YOUR TASK ▸
If pictures are present, leave them out, and copy the data word for word.

SOURCE DATA ▸
○ ○ ○ ○ ○

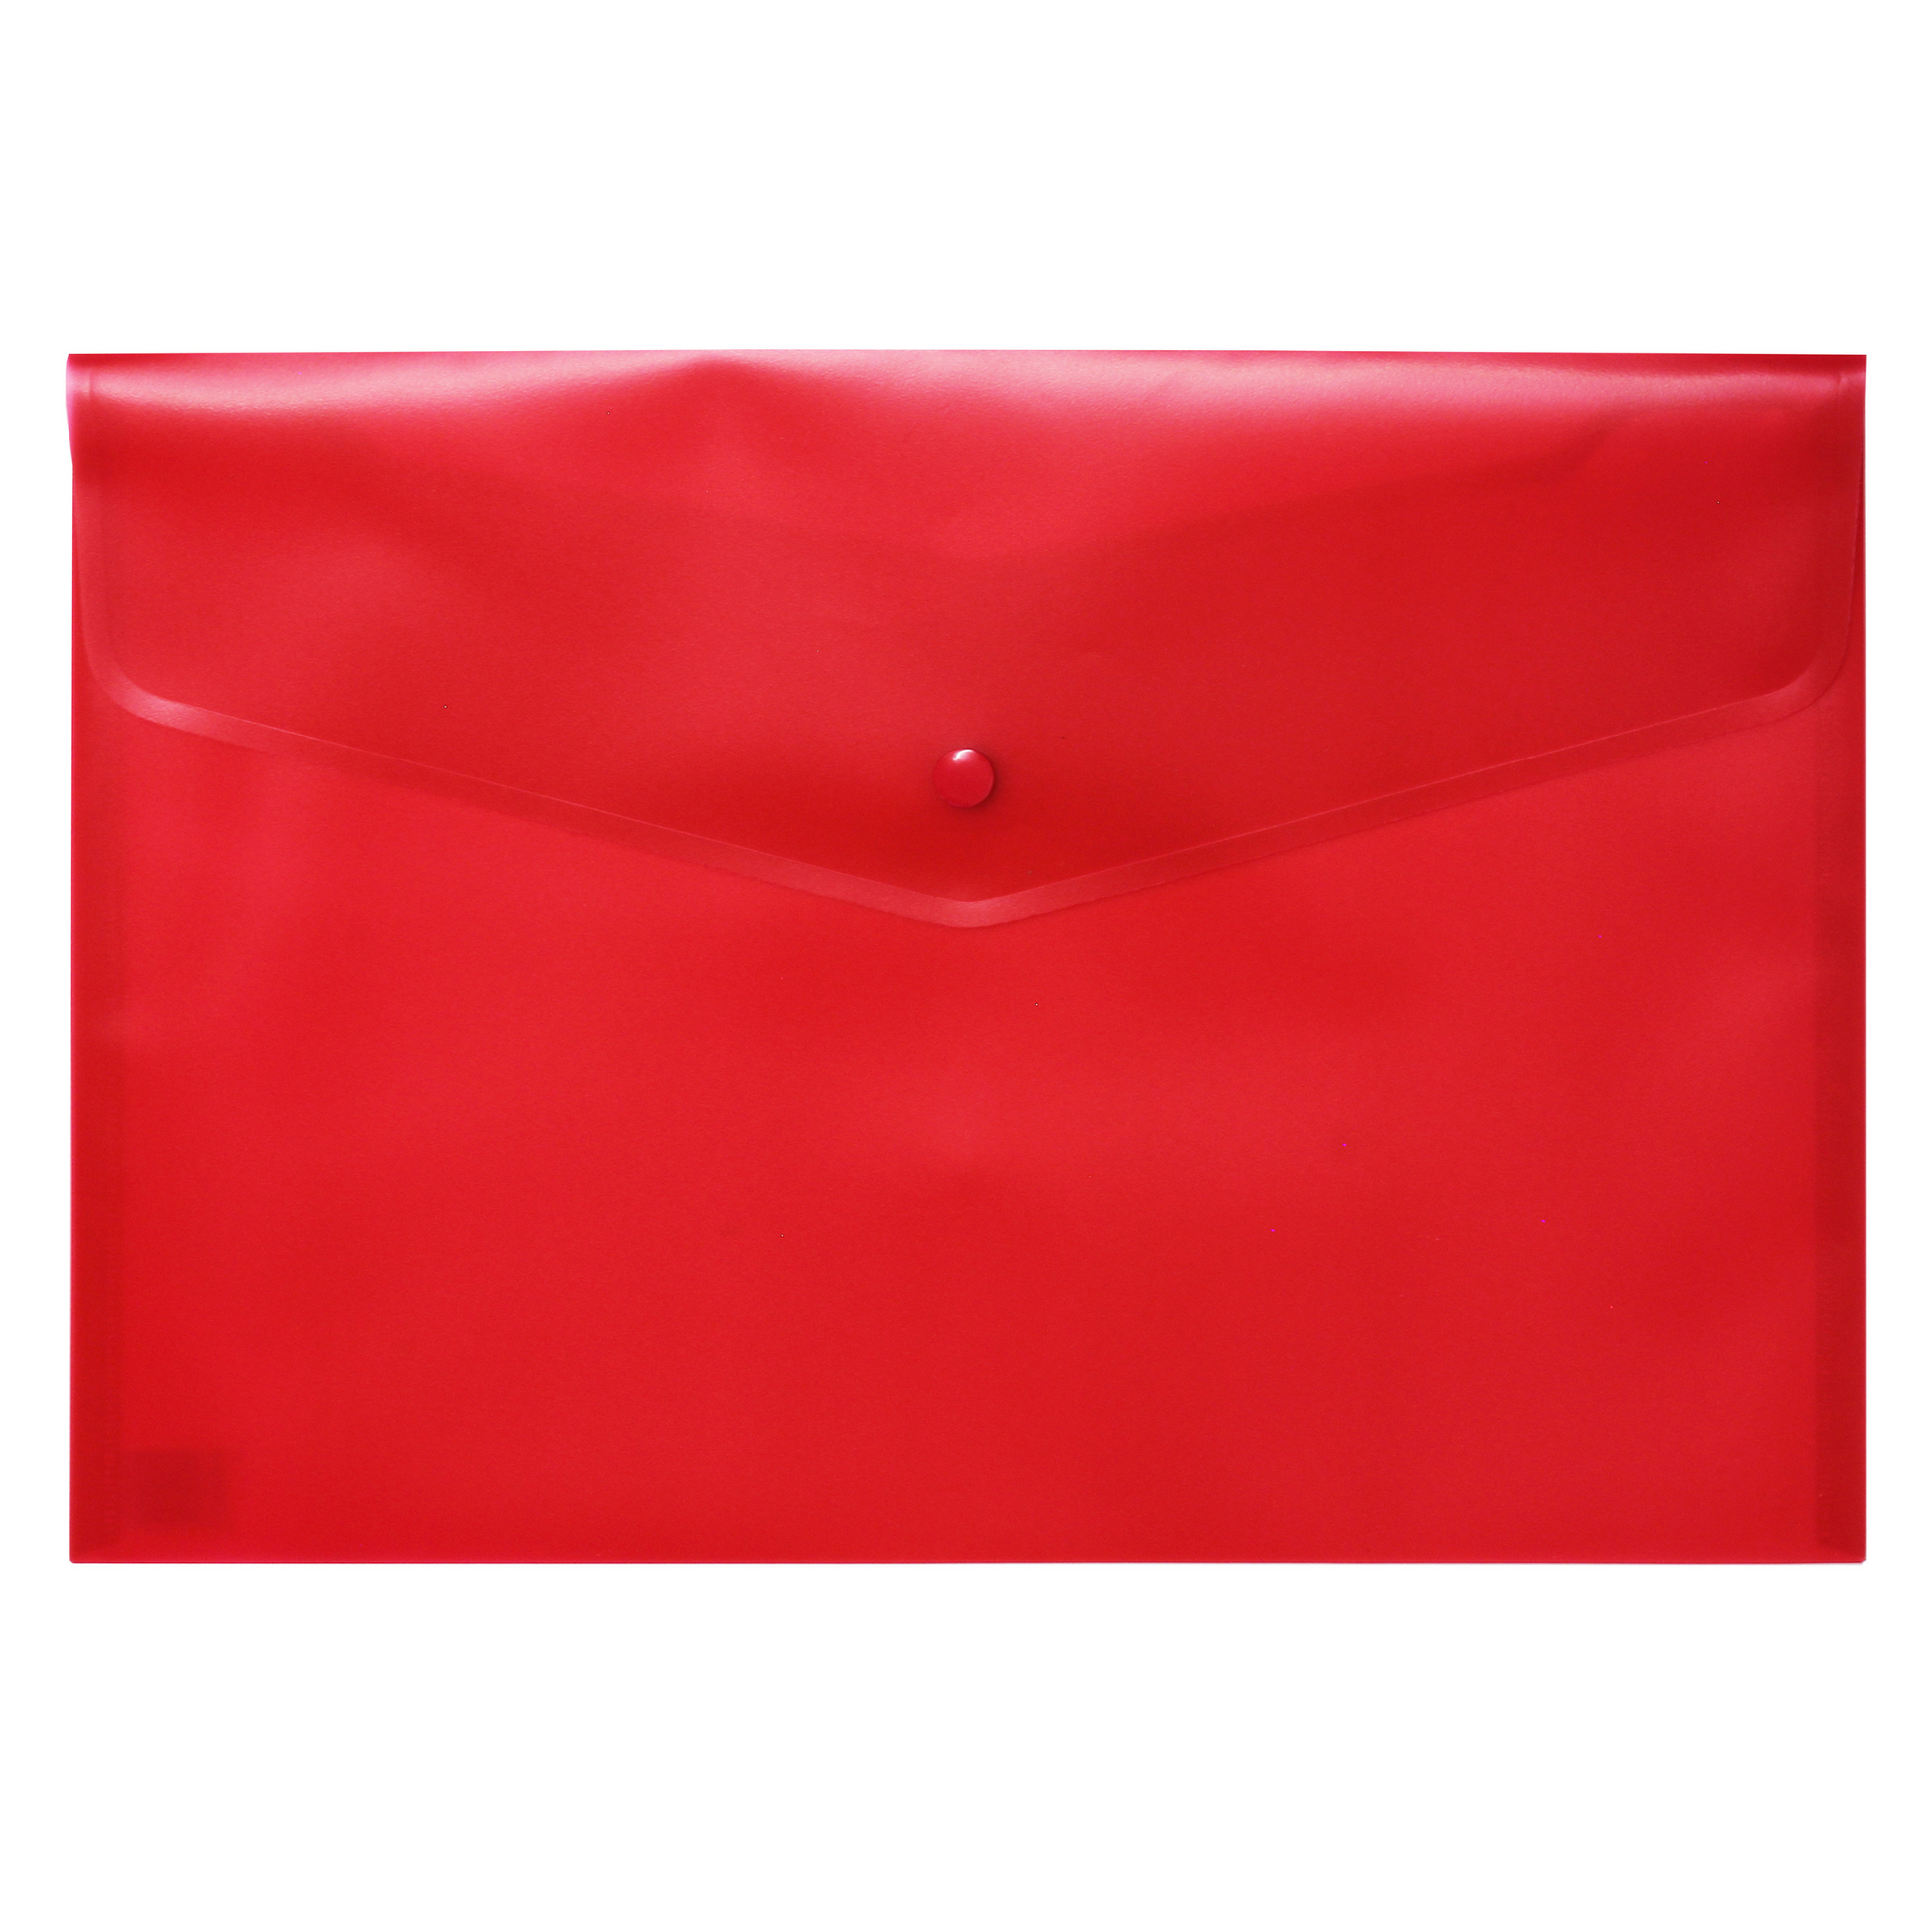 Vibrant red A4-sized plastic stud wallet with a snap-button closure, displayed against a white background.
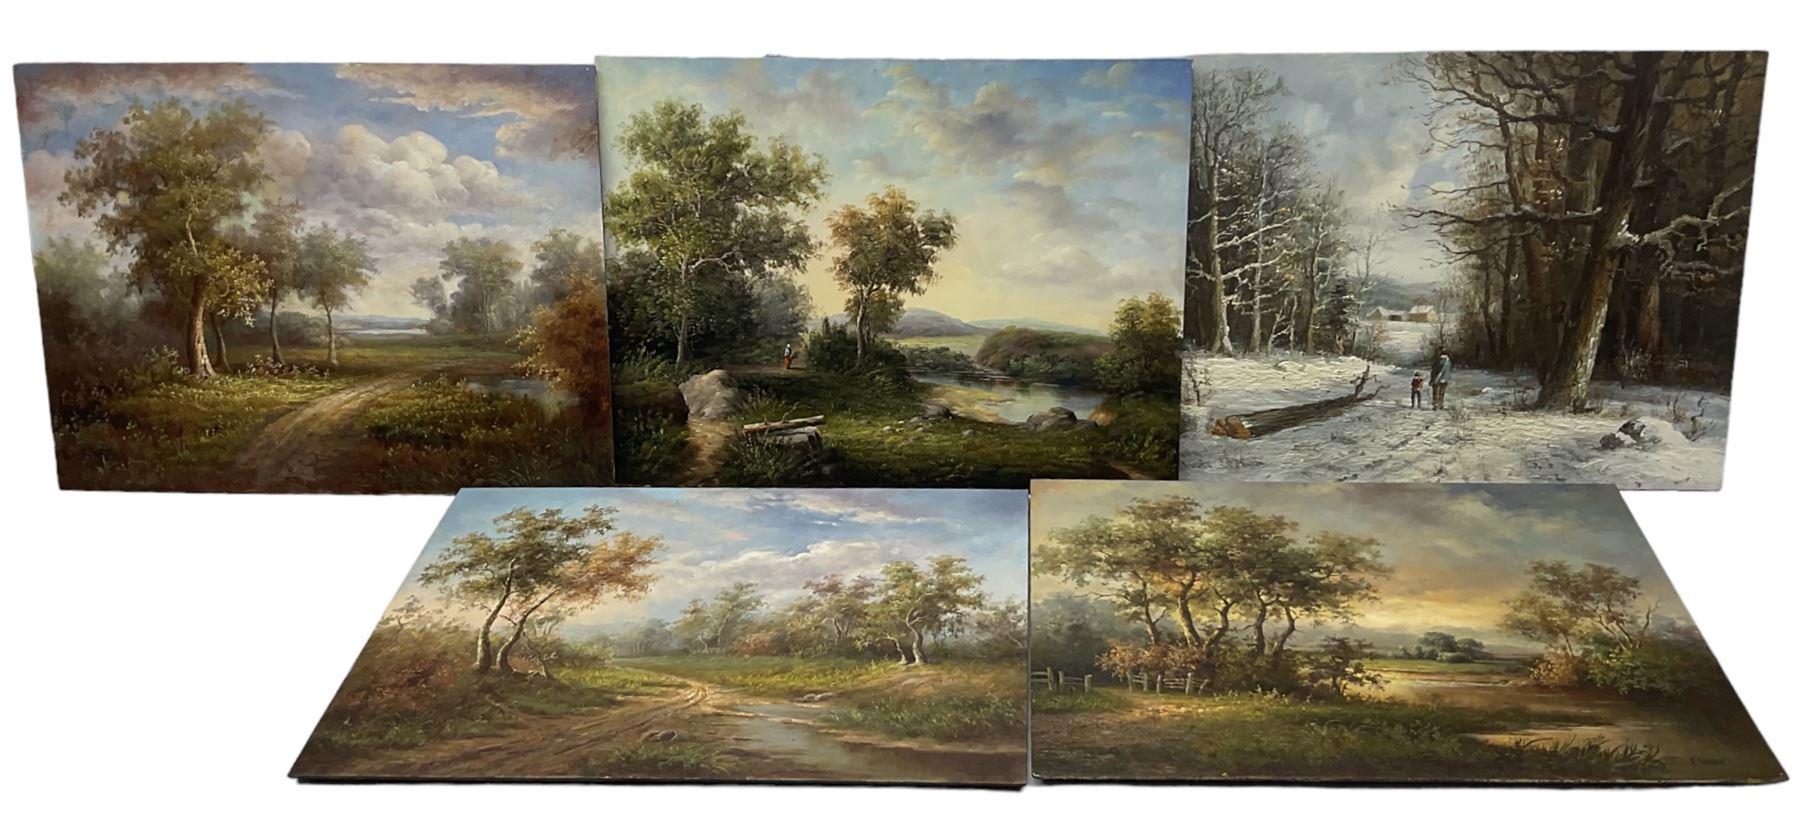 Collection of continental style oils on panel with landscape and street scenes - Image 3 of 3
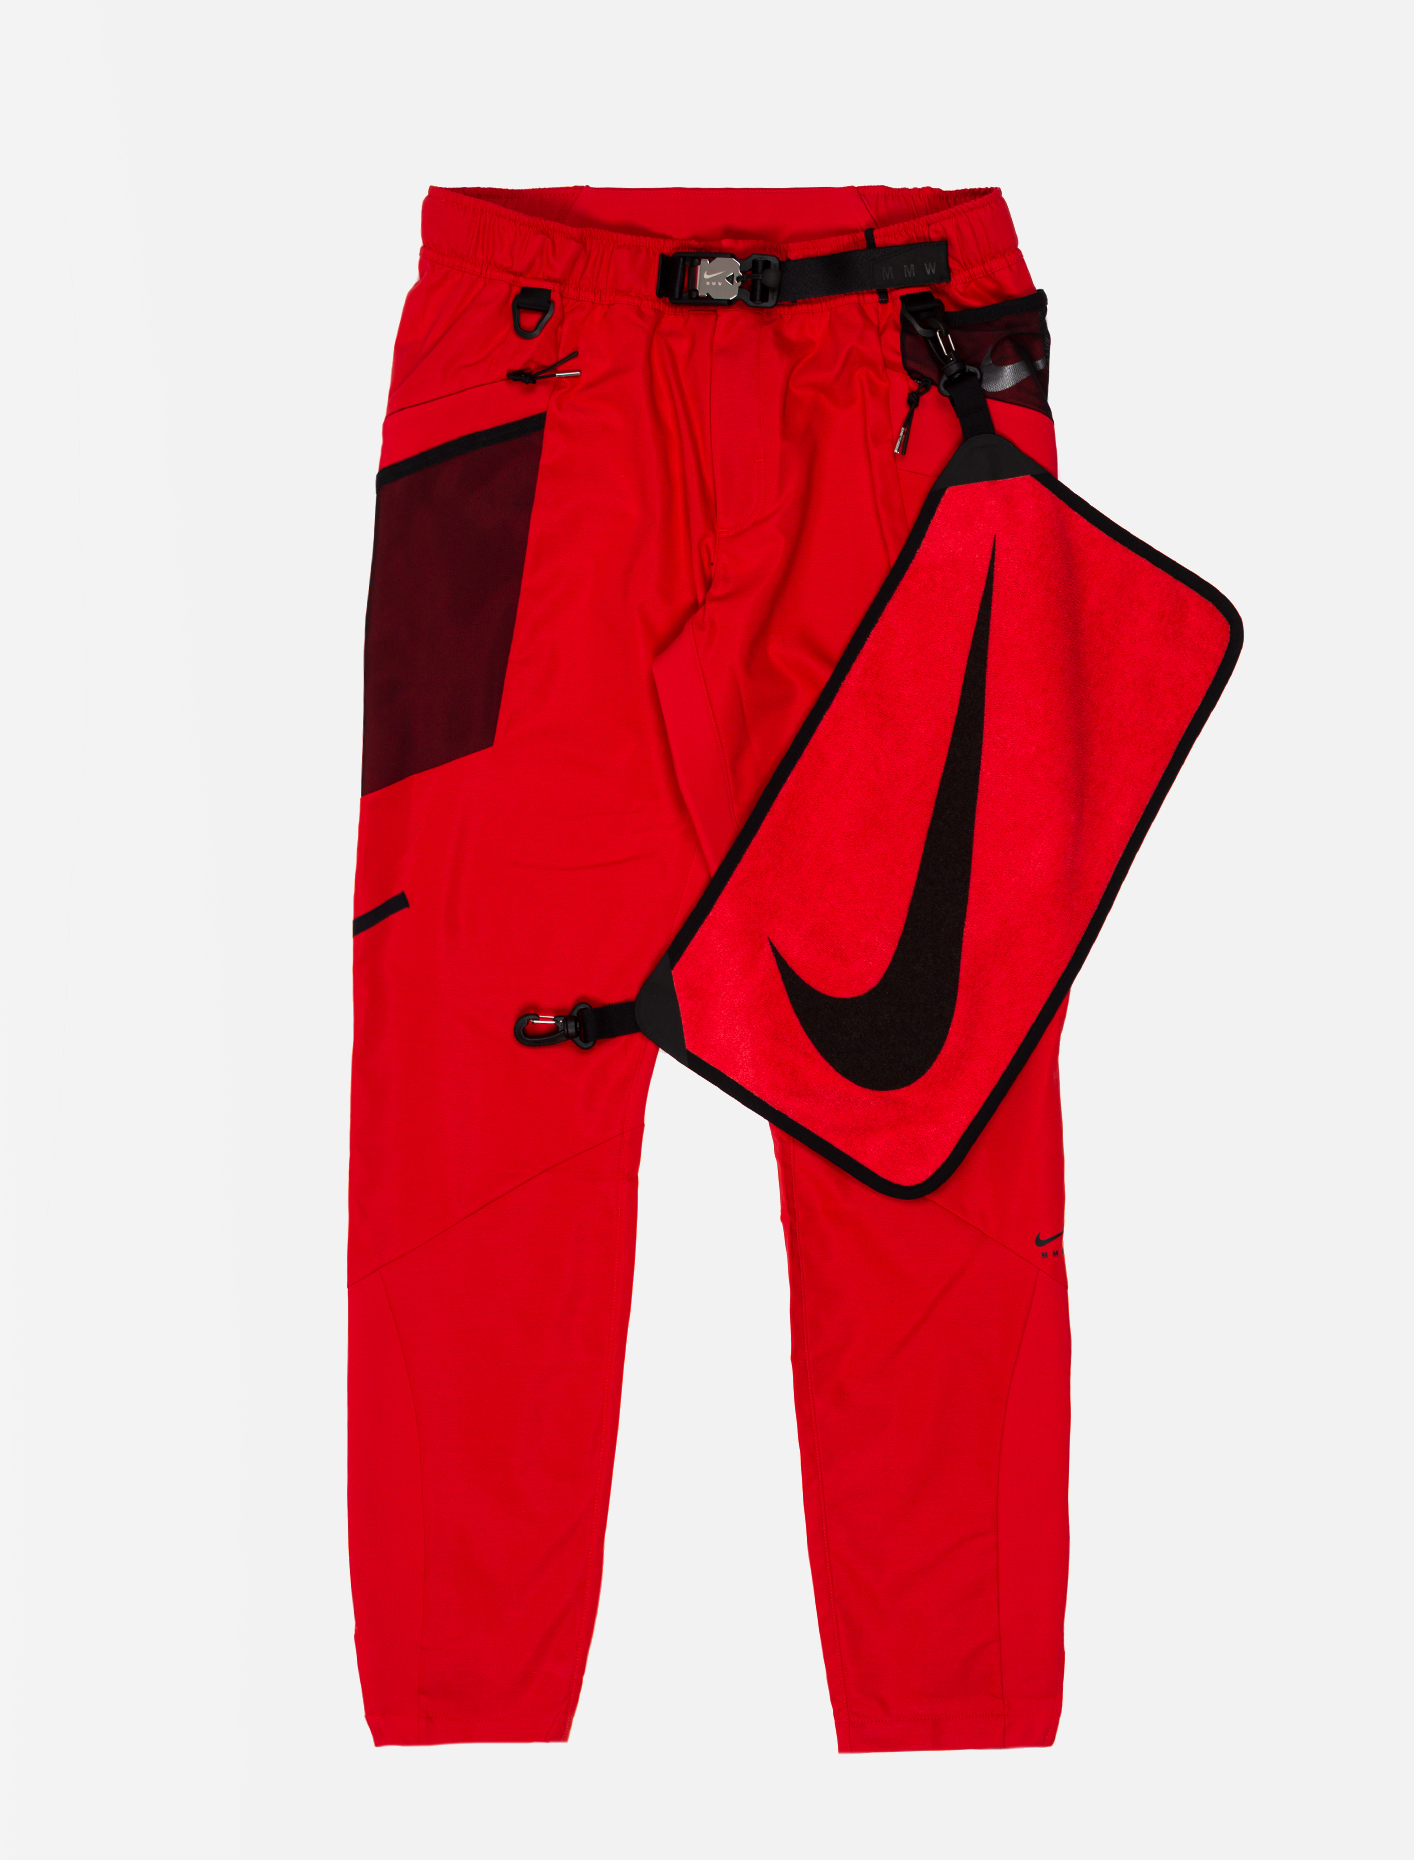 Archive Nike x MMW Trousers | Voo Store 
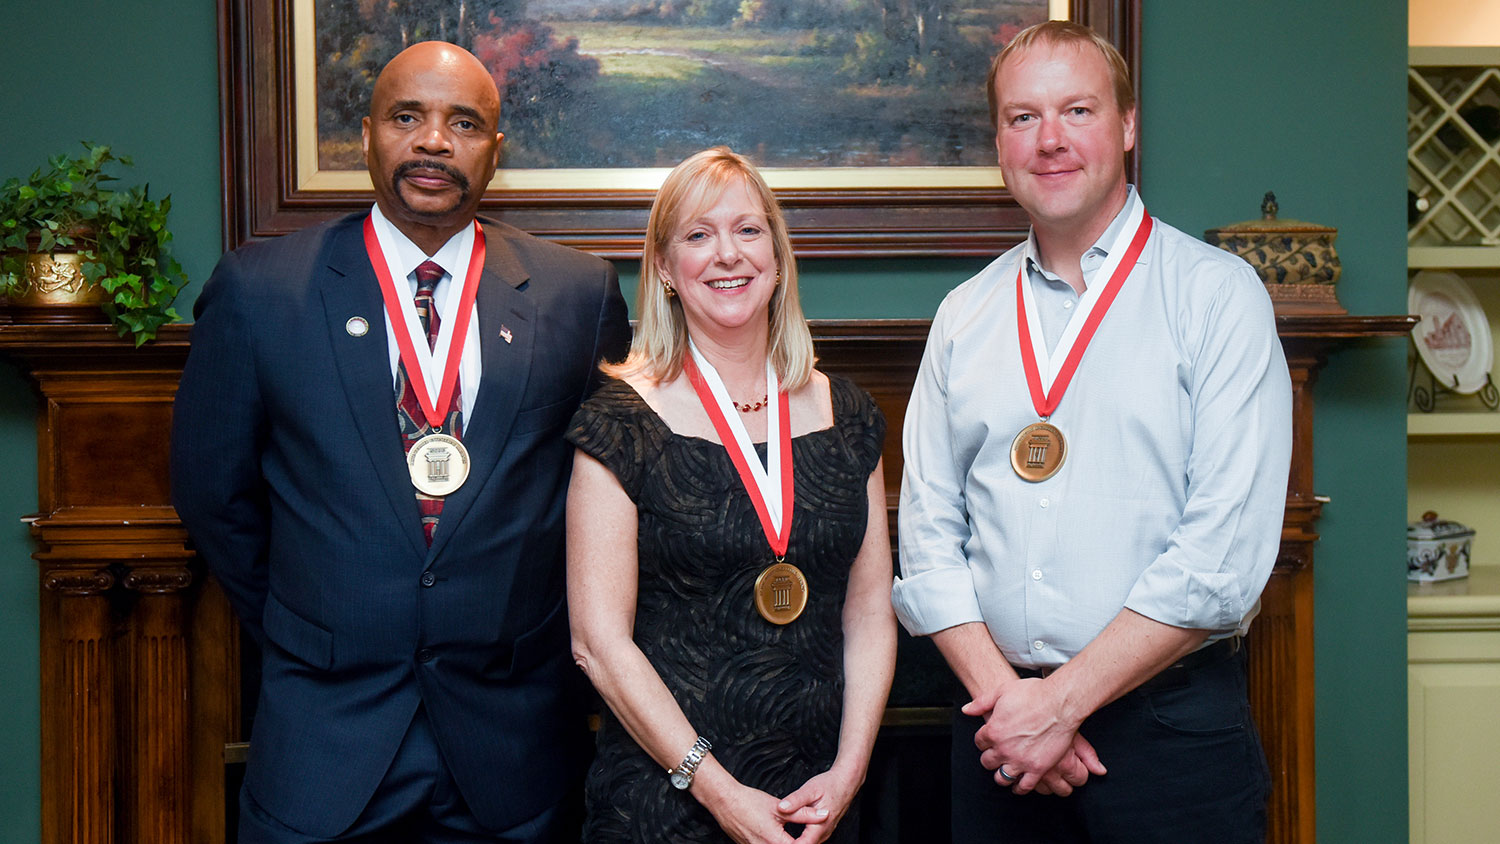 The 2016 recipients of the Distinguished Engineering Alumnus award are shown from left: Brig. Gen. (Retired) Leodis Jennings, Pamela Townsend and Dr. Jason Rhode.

○ ○ ○ ○ ○

ANSWER SPACE ▸
 Vibrant red A4-sized plastic stud wallet with a snap-button closure, displayed against a white background.
 Collection of continental style oils on panel with landscape and street scenes - Image 3 of 3
 Archive Nike x MMW Trousers | Voo Store 
 The 2016 recipients of the Distinguished Engineering Alumnus award are shown from left: Brig. Gen. (Retired) Leodis Jennings, Pamela Townsend and Dr. Jason Rhode.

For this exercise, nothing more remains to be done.